OCD is a weird, insistent thing. It’s not just about liking things neat or having a few quirks. It’s the unshakable certainty that if I don’t do something a certain way, something bad will happen. It’s counting to four, over and over, because if I don’t, my brain feels like it’s short-circuiting. It’s cleaning with bleach and then convincing myself that somehow, magically, my drink—sitting all the way across the room—now has bleach in it, and I’m definitely going to die if I take a sip.

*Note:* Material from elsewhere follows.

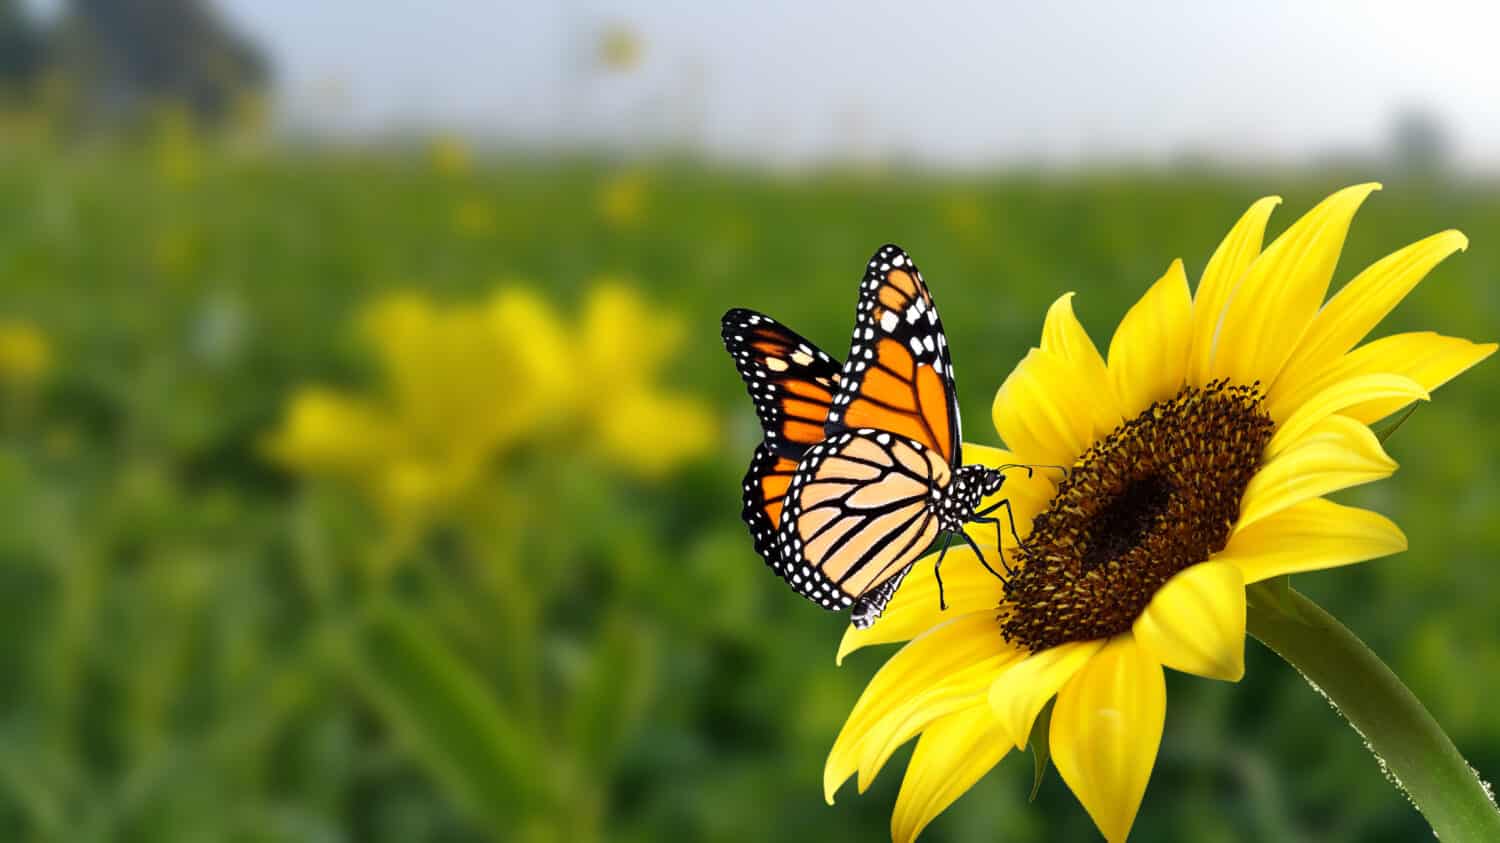 farfalla monarca sul fiore.  Immagine di una farfalla monarca sul girasole con sfondo sfocato.  Natura stock immagine di un insetto primo piano.  La più bella immagine di una farfalla con le ali sui fiori.

It’s the rituals, the repetition, the moments where I tell myself it’s irrational but do it anyway. And at one point, it was the gripping belief that if I didn’t follow the same routine every week, that next week would be the worst. Because why wouldn’t the universe punish me for messing up the pattern, right?
It’s exhausting. It’s frustrating. And honestly, sometimes it’s straight-up ridiculous. But knowing what it is—finally having a name for it—has been oddly comforting. Like, okay. I’m not just making this up. It’s real, and there’s a way through it.
I don’t have it all figured out yet, and I probably never will in some grand, perfect way. But the more I understand it, the more I can untangle it piece by piece. And maybe, just maybe, I’ll collect peace alongside all my letters.